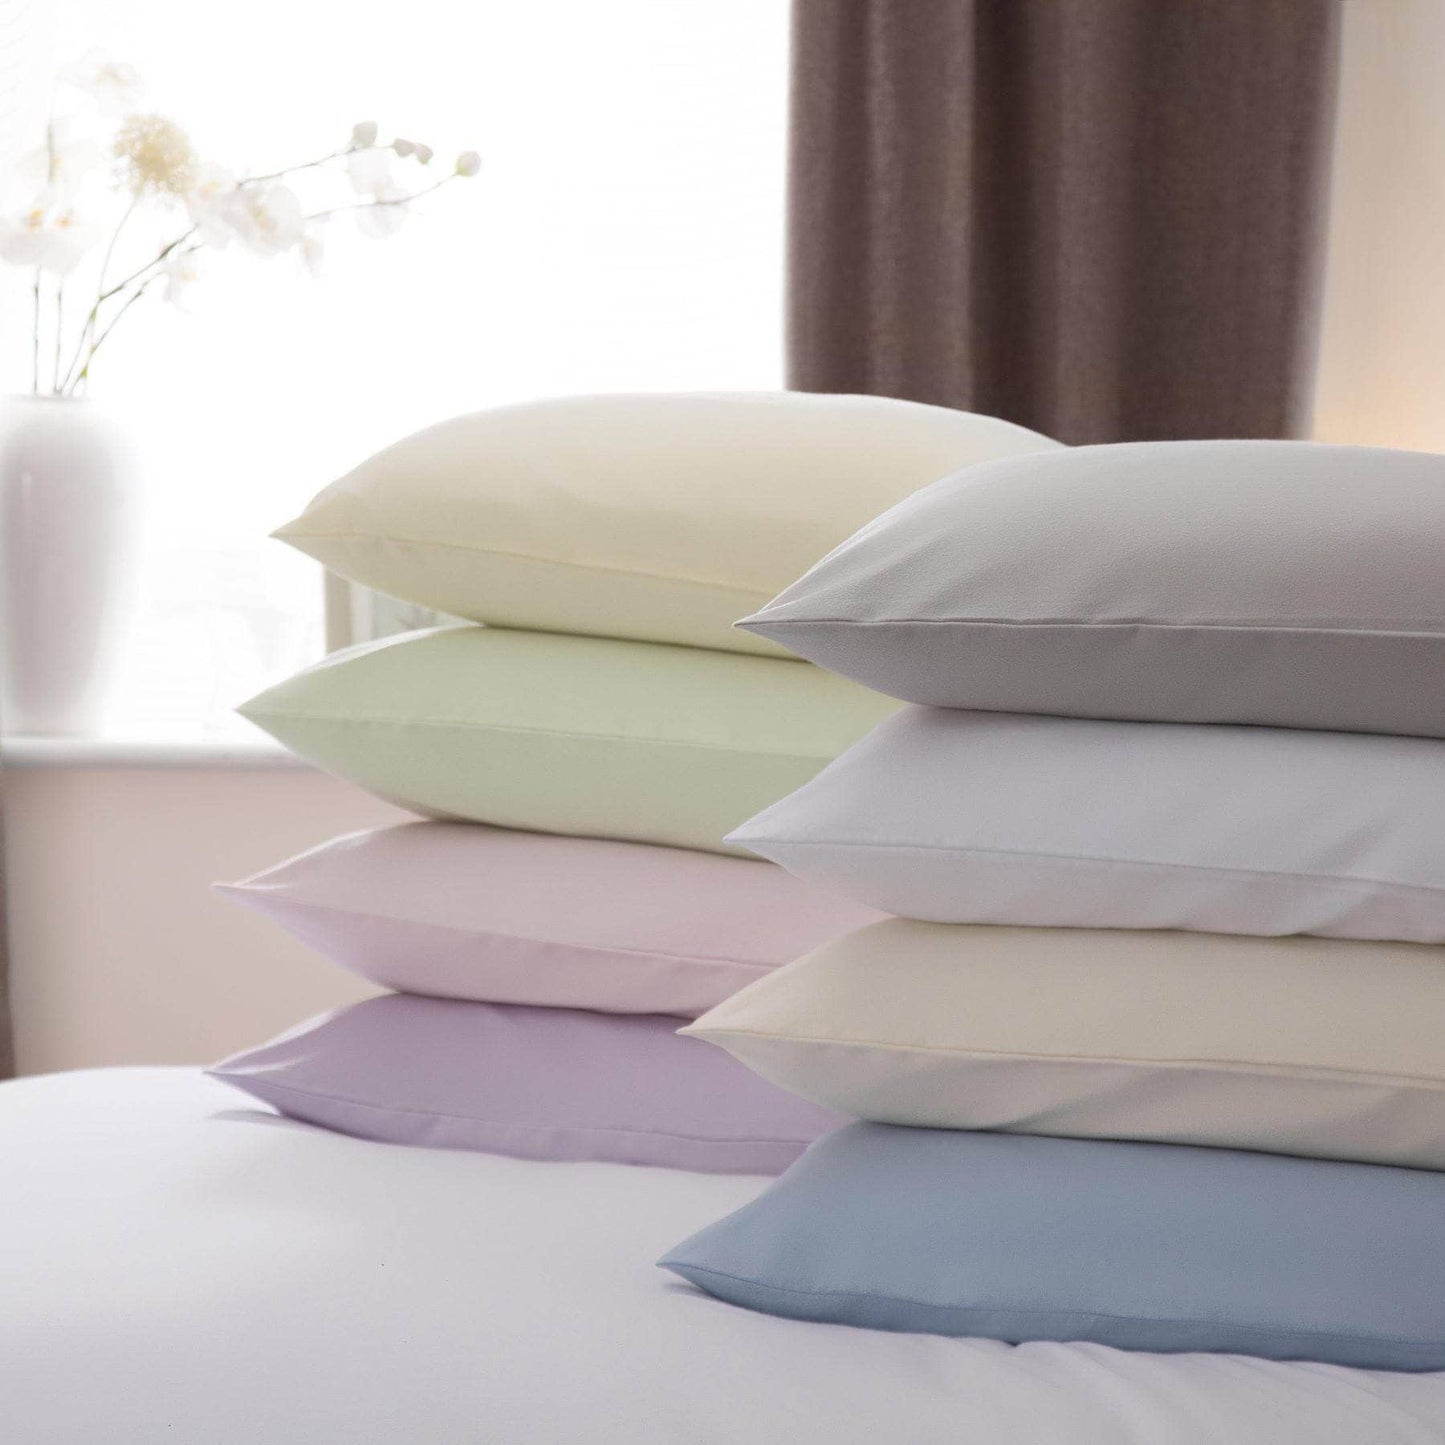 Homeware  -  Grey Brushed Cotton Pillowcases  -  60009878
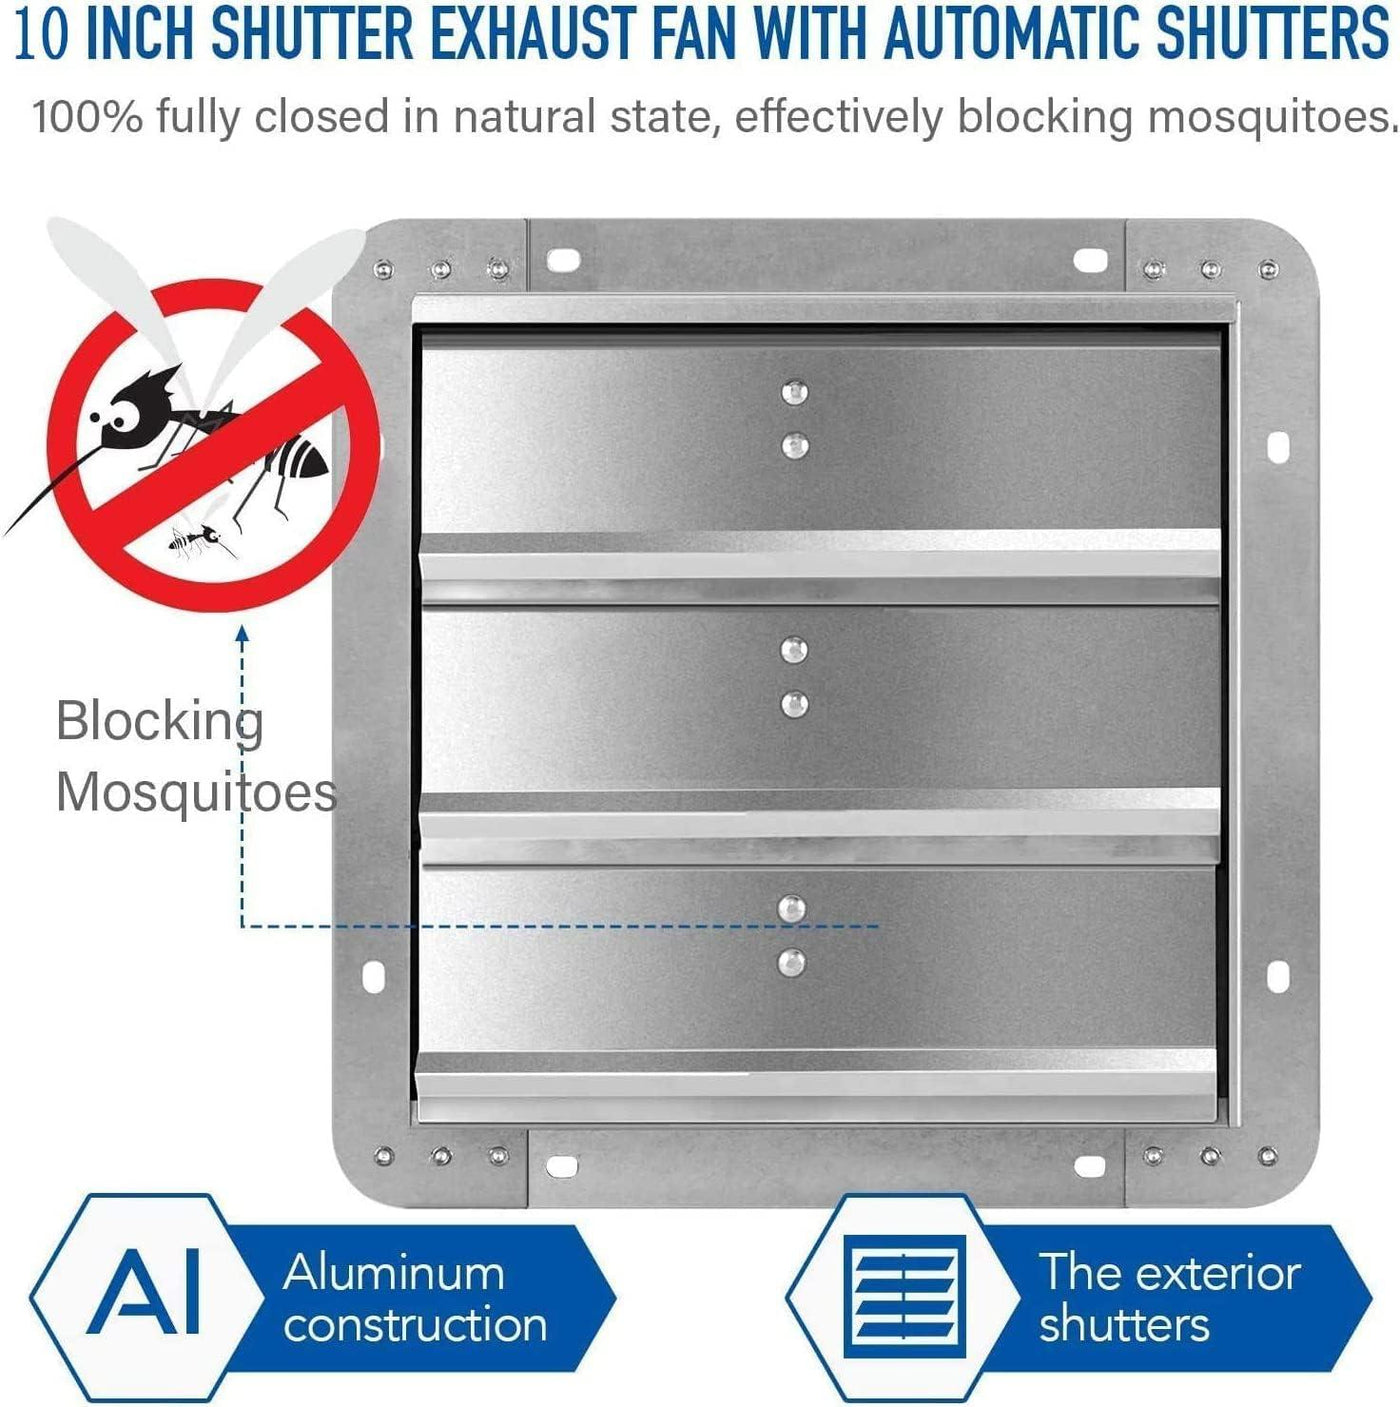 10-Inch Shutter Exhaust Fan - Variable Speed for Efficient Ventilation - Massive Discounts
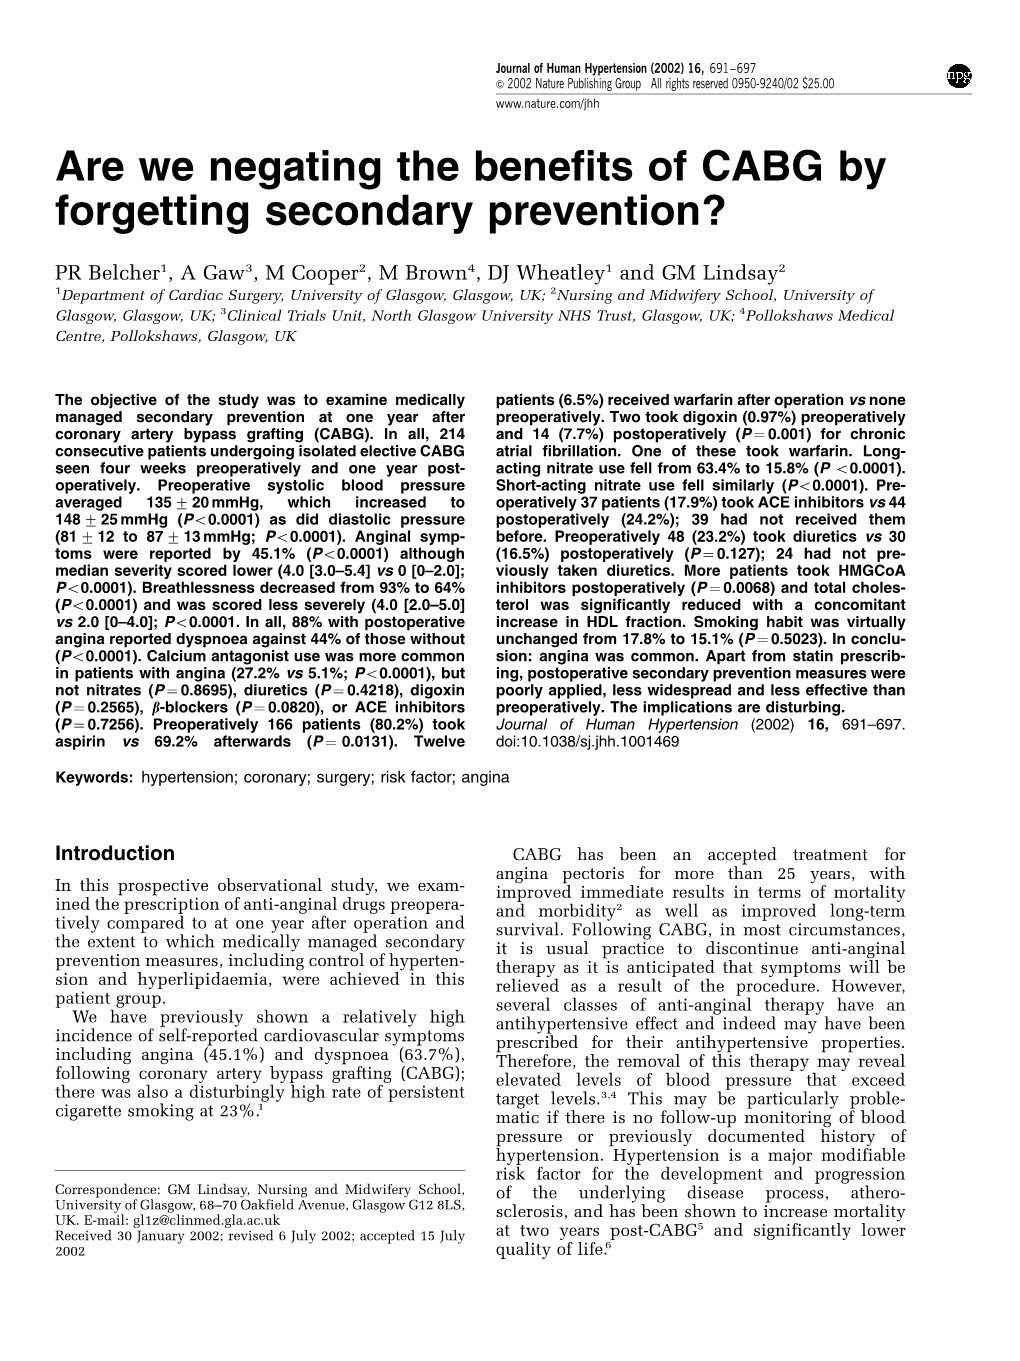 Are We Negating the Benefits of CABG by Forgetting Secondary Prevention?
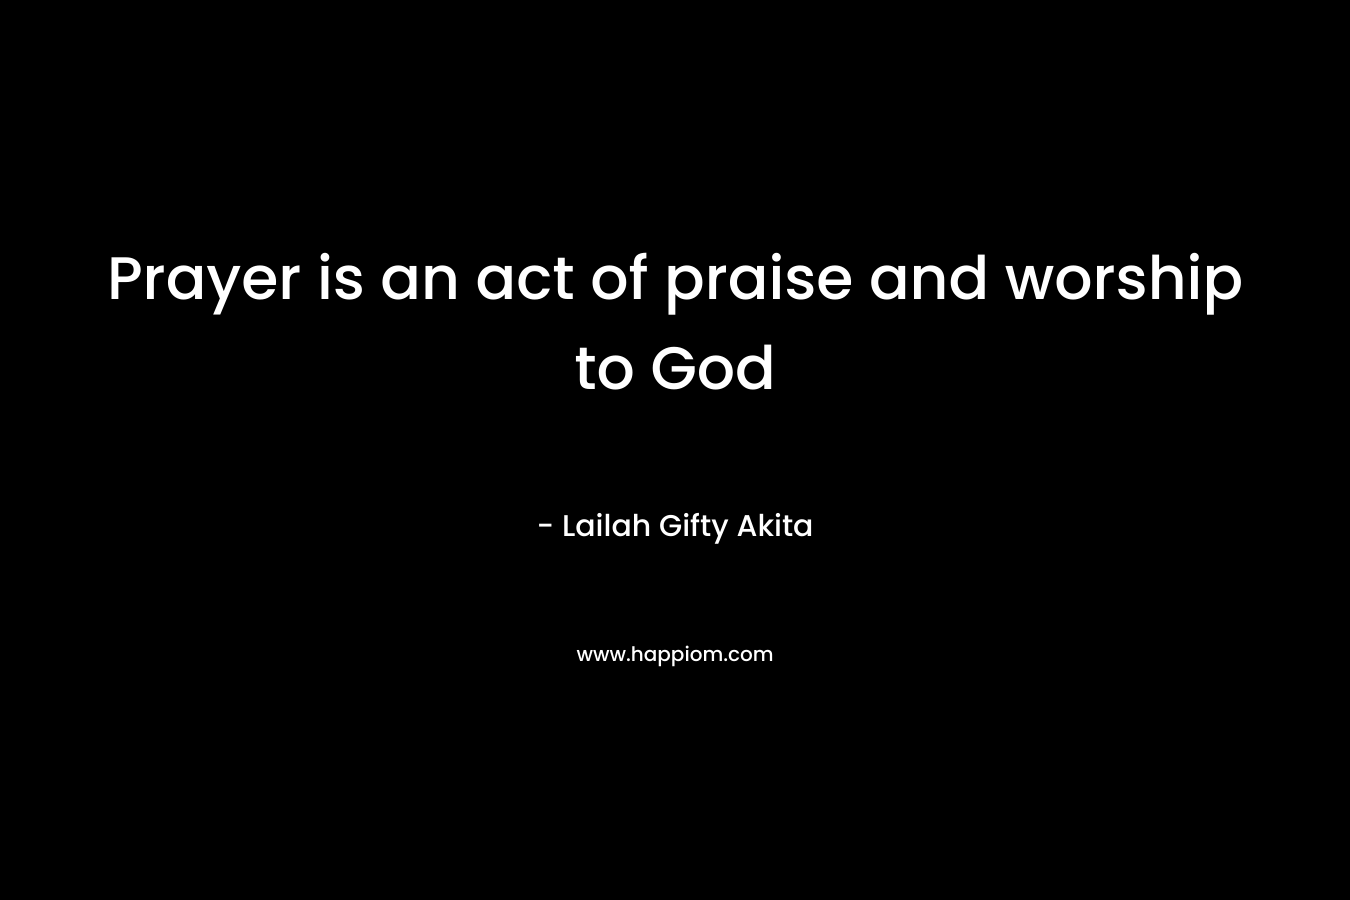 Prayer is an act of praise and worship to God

*Directions for this task:* Nothing but the lines from the one containing "Are We Negating" through the end of the listing should be written out, each exactly, and pictures must be left out.

*Answer section:*
 Are We Negating the Benefits of CABG by Forgetting Secondary Prevention?
 Prayer is an act of praise and worship to God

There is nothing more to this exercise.